Elevated lead (Pb) body burden still impacts almost 9% of U.S. children and >40% of children in some underdeveloped countries. Its association with cognitive deficits in children and in elderly men and women, and with delinquency and aggression, makes it a more pervasive public health problem than has generally been appreciated. Our neurochemical and behavioral studies over the past funding period show that chronic postweaning Pb appears to target the mesolimbic dopamine (DA) system, based on effects observed in its terminal projection region, the nucleus accumbens (NAC). NAC, however, is considered a limbic-motor interface, integrating information via glutamatergic projections from hippocampus and prefrontal cortex, two regions well known to mediate cognitive function. At the same time, Pb also produces a widespread inhibition of glutamatergic NMDA receptors. NMDA inhibition has been shown in prefrontal cortex and NAC to enhance activation of non-NMDA AMPA/kainate excitatory amino acid receptors.
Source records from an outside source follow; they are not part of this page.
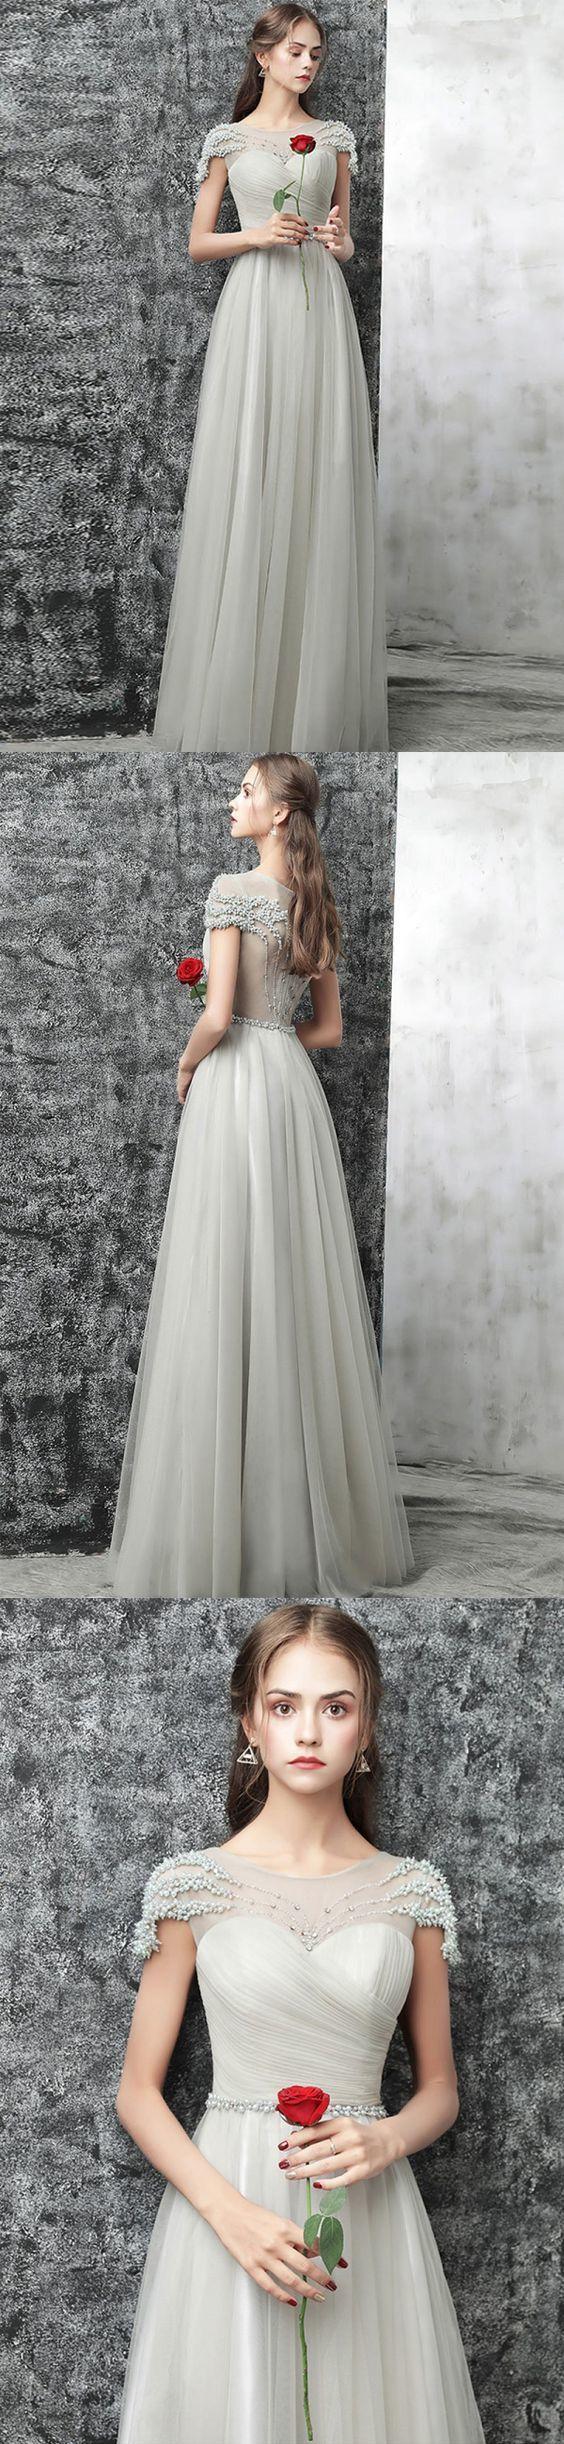 Cheap Prom Dress A-line Simple Floor-length Beading Long Prom Dress/Evening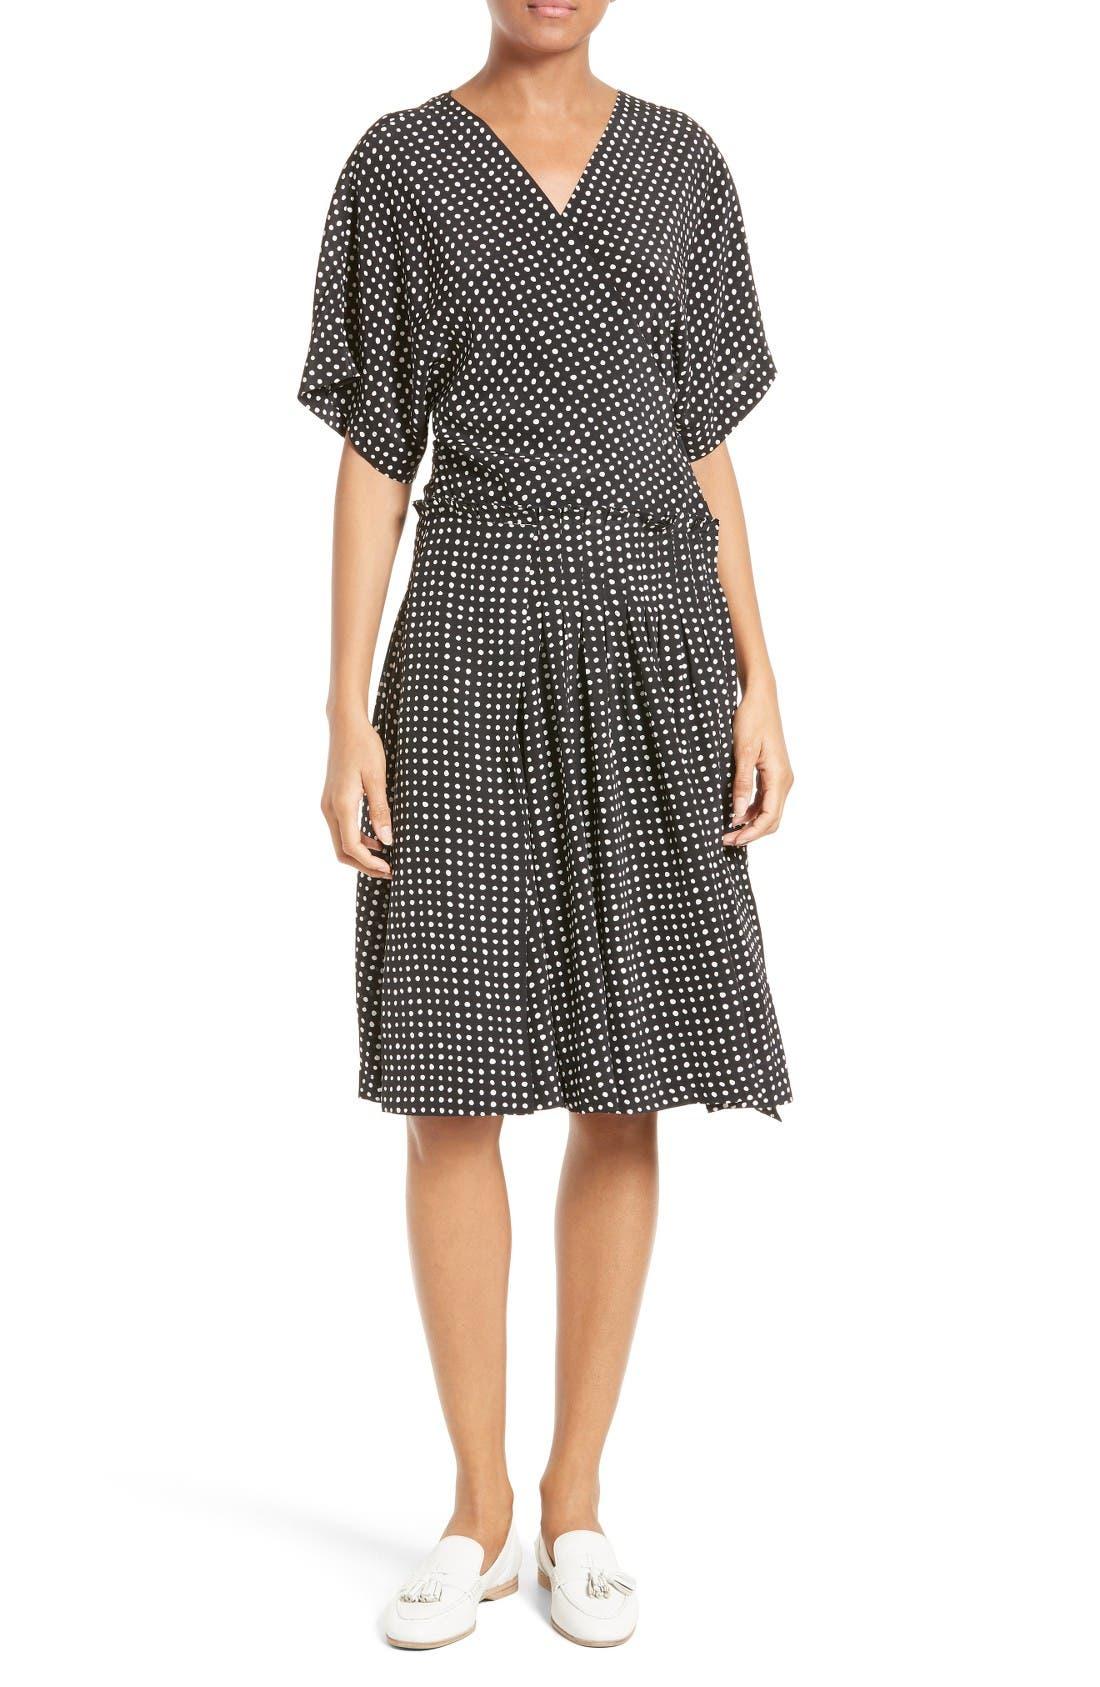 Alternate Image 1 Selected - Diane von Furstenberg Polka Dot Silk D-Ring Wrap Dress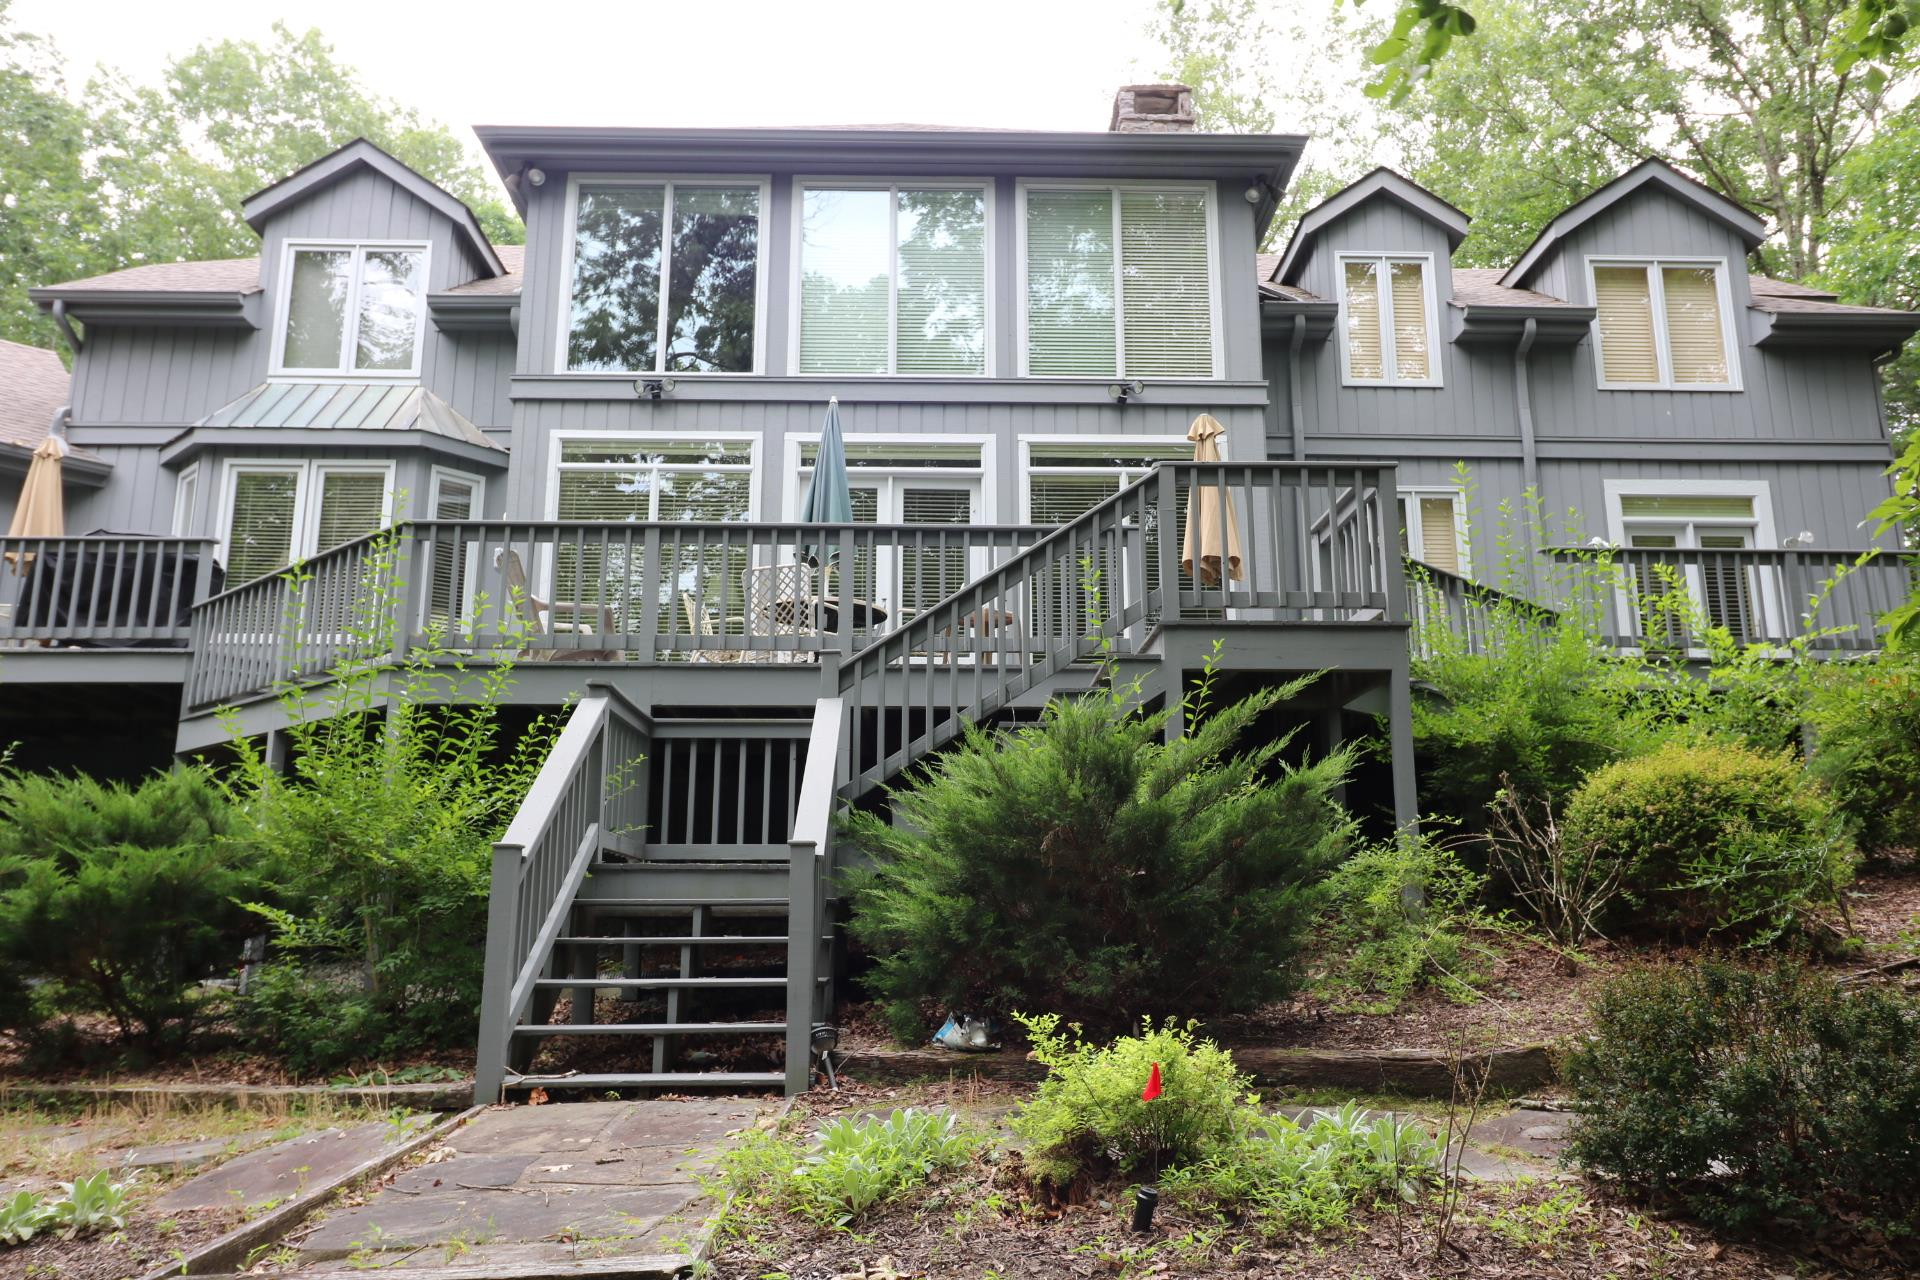 2411 Lakeshore Dr, Monteagle, TN 37356 - Monteagle, TN real estate listing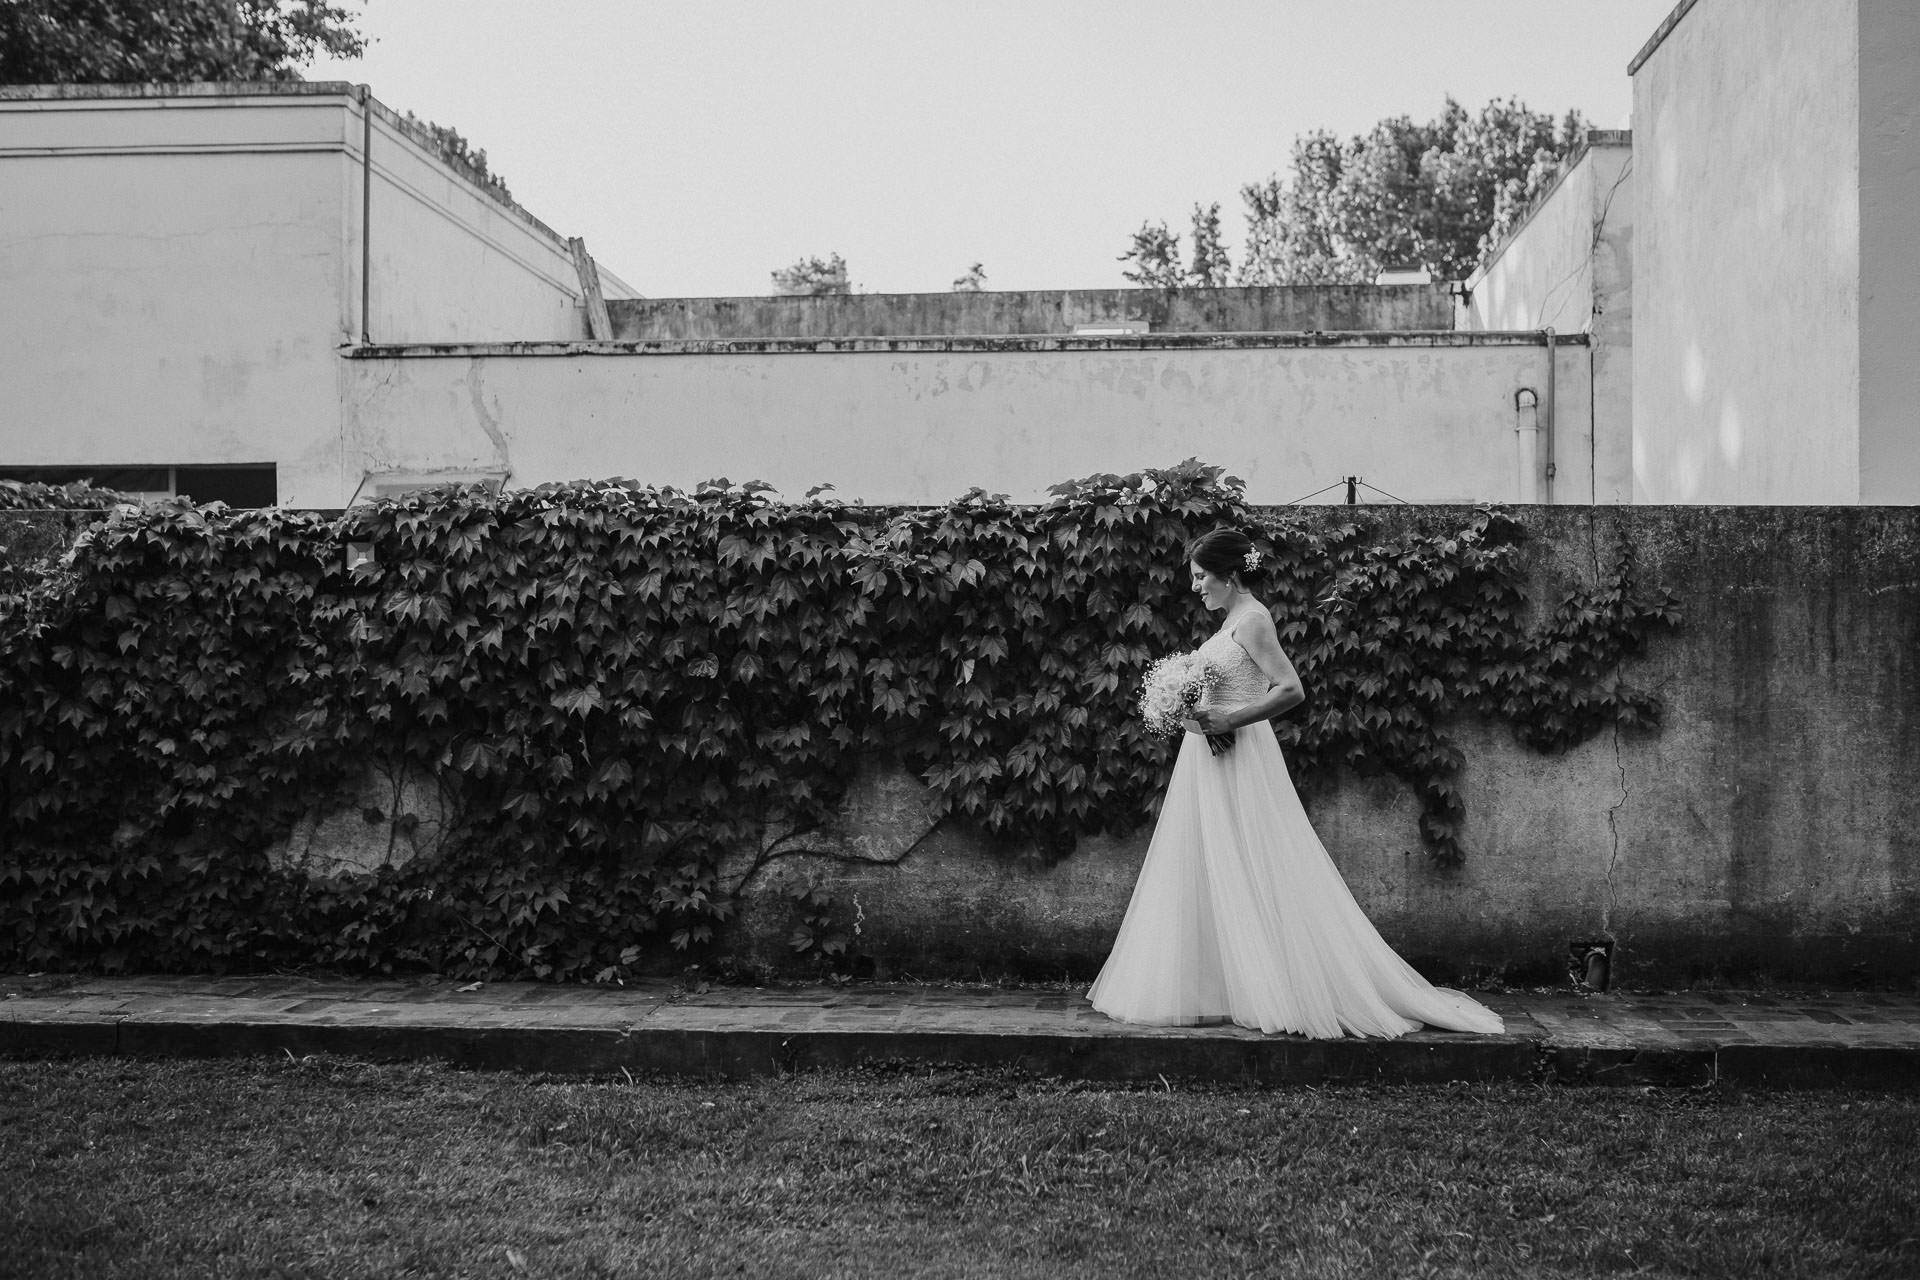 Vestido de novia -Boda en Estancia La Linda, fotógrafo de bodas - Norman Parunov

The proposed studies therefore test the hypothesis that Pb-induced behavioral impairments and neurochemical changes in mesolimbic systems actually derive from preferential AMP/kainate receptor activation of the glutamatergic projections from hippocampus and prefrontal cortex, to NAC. This hypothesis predicts that hippocampal and prefrontal glutamatergic projections to NAC should be critical in mediating behaviors known to be altered by Pb.
Specific Aims 1 and 2 will thus determine whether disconnection of these projections also disrupts these behaviors, and whether preferential AMPAergic activation of these projections can mimic the behavioral toxicity of Pb in normal rats, using two behavioral baselines reliably altered by Pb: fixed interval performance and a repeated learning paradigm.
Specific Aim 3 tests the associated prediction that AMPA antagonists in these projection regions should reverse these Pb-induced behavioral impairments.
Specific Aim 4 seeks to determine whether preferential AMPAergic activation of these projections reproduces in normal rats the increases in evoked DA overflow in NAC associated with Pb, and if AMPA antagonists can reverse these increases in Pb-treated rats. To determine the extent to which these mechanisms generalize to human Pb exposure and whether they may be exacerbated by exposures earlier in development, Specific Aims 2 and 4 compare effects of preweaning, postweaning and continuous Pb exposures. These experiments will significantly advance our understanding of the control of complex operant cognitive behaviors by hippocampal and prefrontal projection circuits and the mechanisms by which Pb disrupts them. They will further define the comparative roles of NMDA and AMPA/kainate receptors in these projections and their interactions with DA systems, allowing rational behavioral and therapeutic approaches to mesolimbic system dysfunctions.